* Task input
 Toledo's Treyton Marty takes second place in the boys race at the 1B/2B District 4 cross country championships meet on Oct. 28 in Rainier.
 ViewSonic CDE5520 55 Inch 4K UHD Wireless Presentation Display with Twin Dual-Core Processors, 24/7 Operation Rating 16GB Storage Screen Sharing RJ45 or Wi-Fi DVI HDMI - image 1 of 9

...

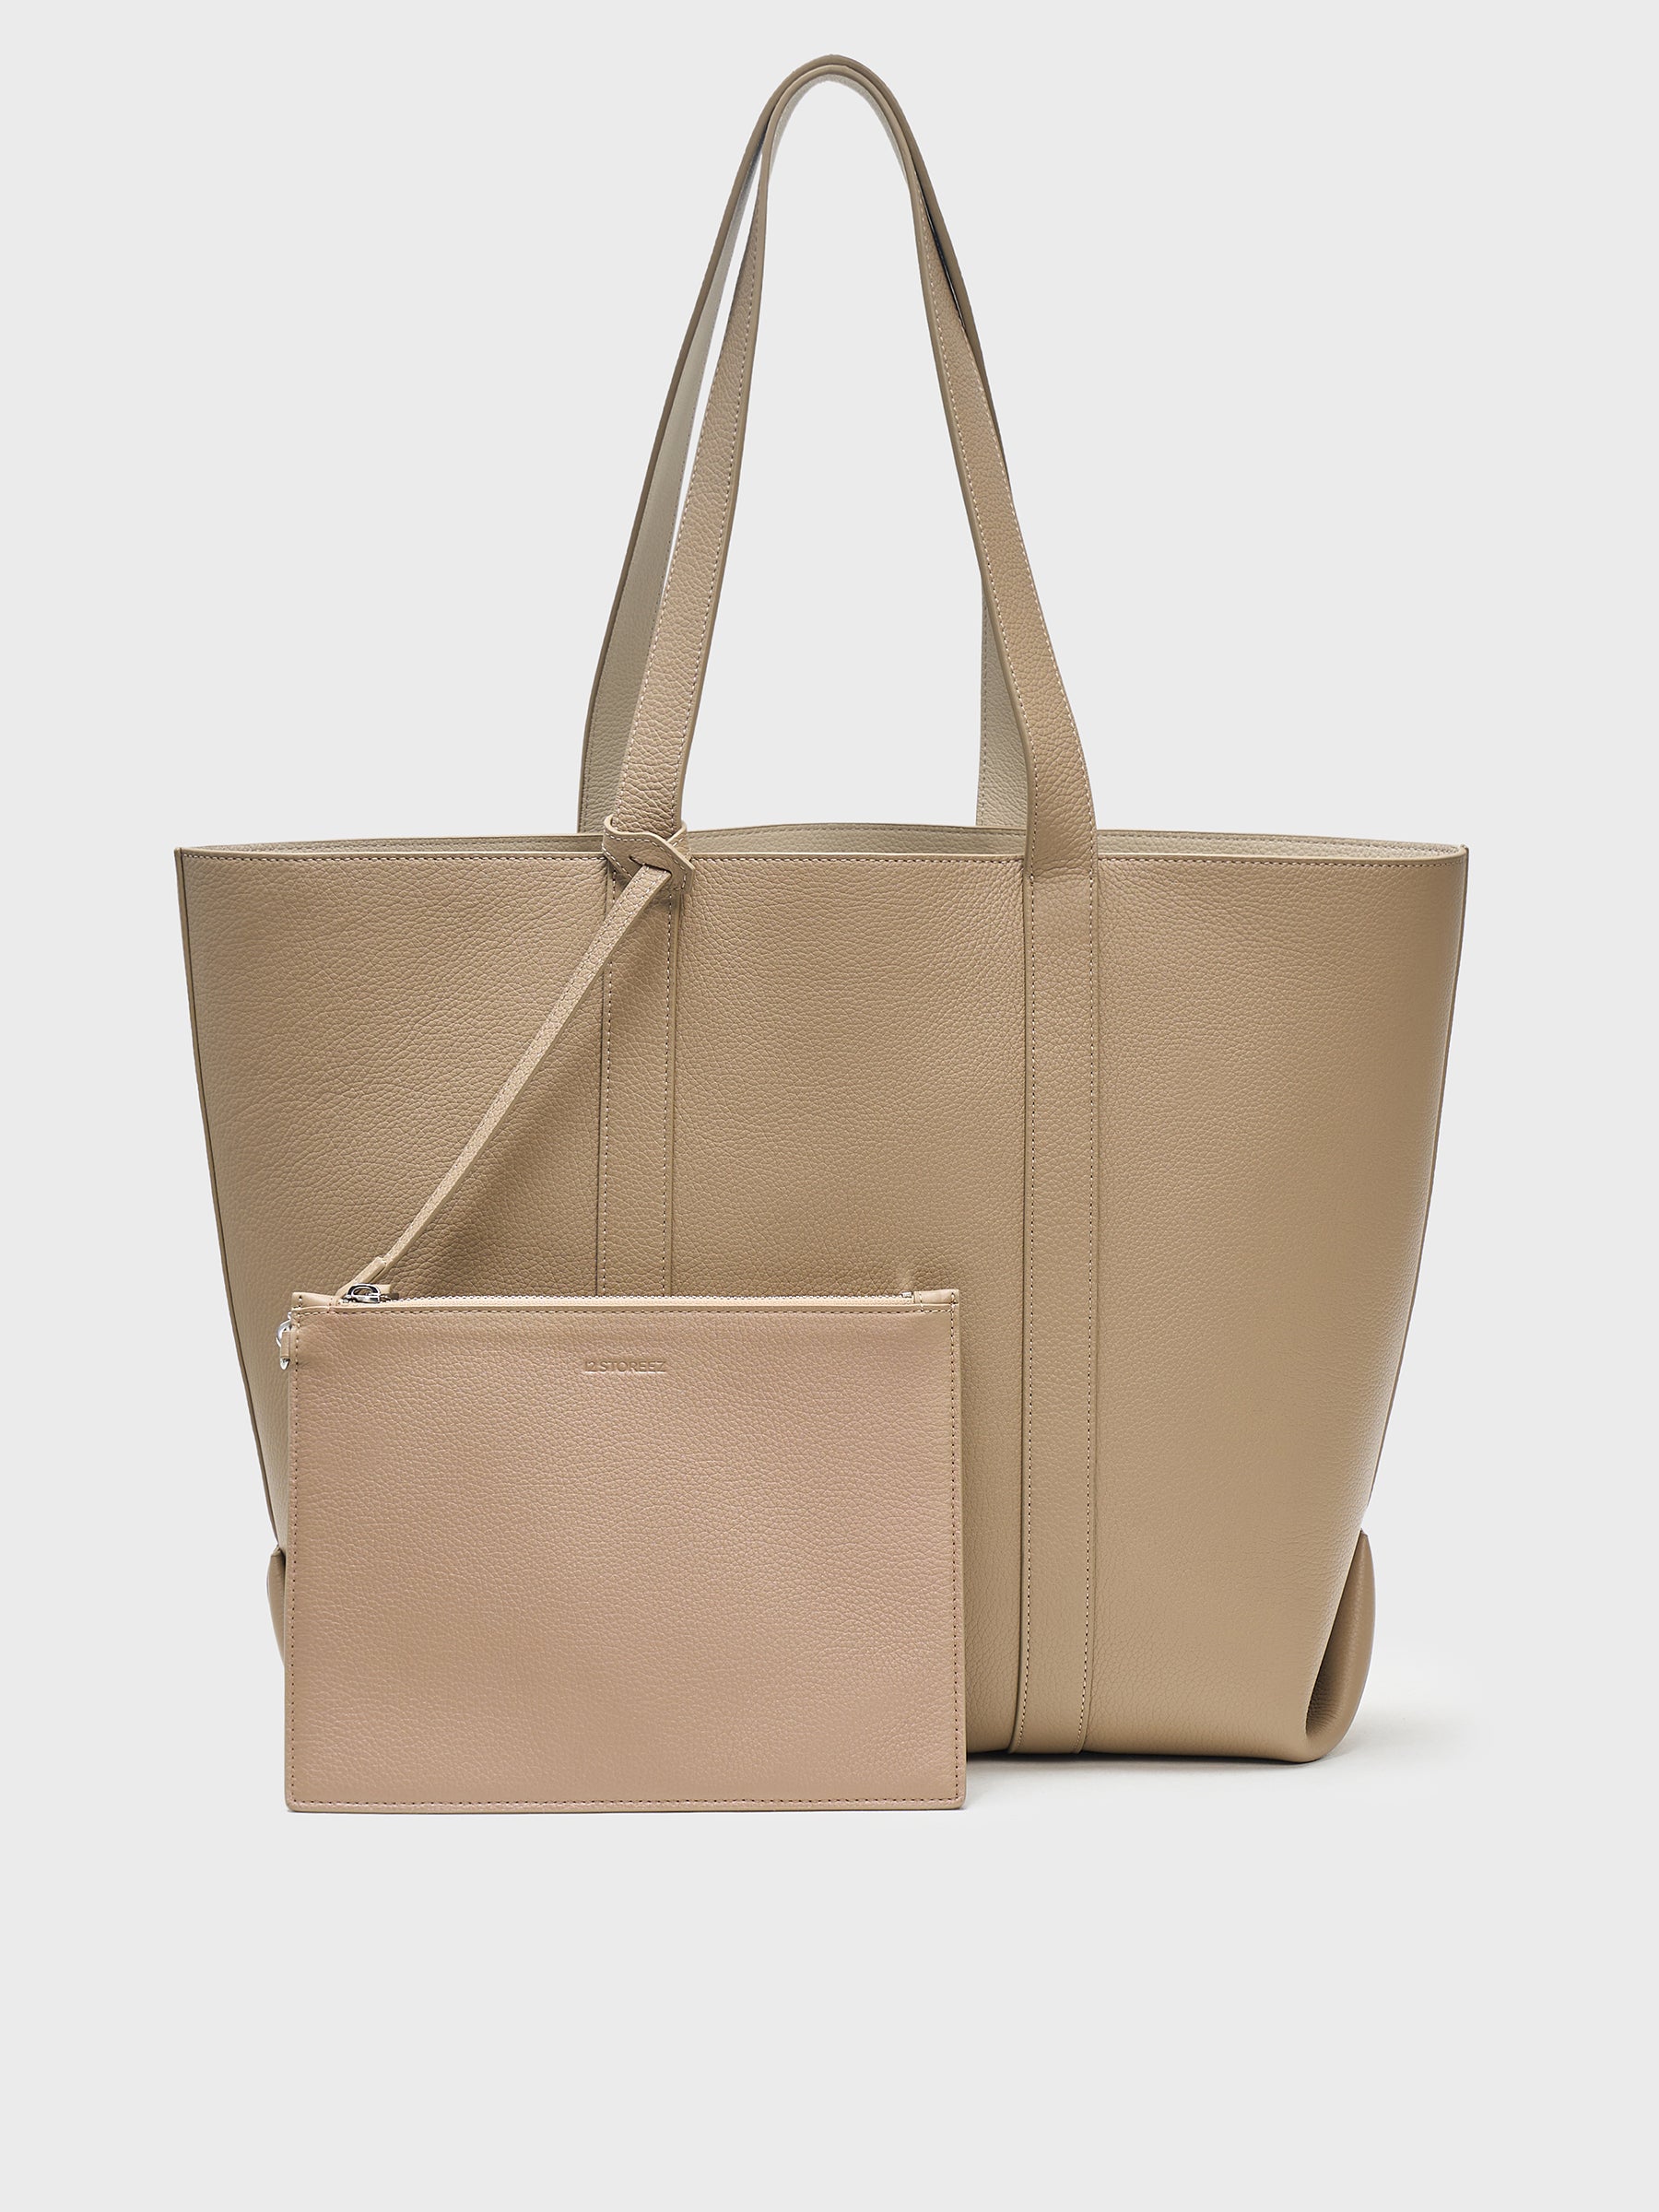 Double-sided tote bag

* What you will do
Output the lines above exactly, but only those between the line holding "Toledo's Treyton Marty" and the line holding "ViewSonic CDE5520 55", inclusive.

* Exercise solution
 Toledo's Treyton Marty takes second place in the boys race at the 1B/2B District 4 cross country championships meet on Oct. 28 in Rainier.
 ViewSonic CDE5520 55 Inch 4K UHD Wireless Presentation Display with Twin Dual-Core Processors, 24/7 Operation Rating 16GB Storage Screen Sharing RJ45 or Wi-Fi DVI HDMI - image 1 of 9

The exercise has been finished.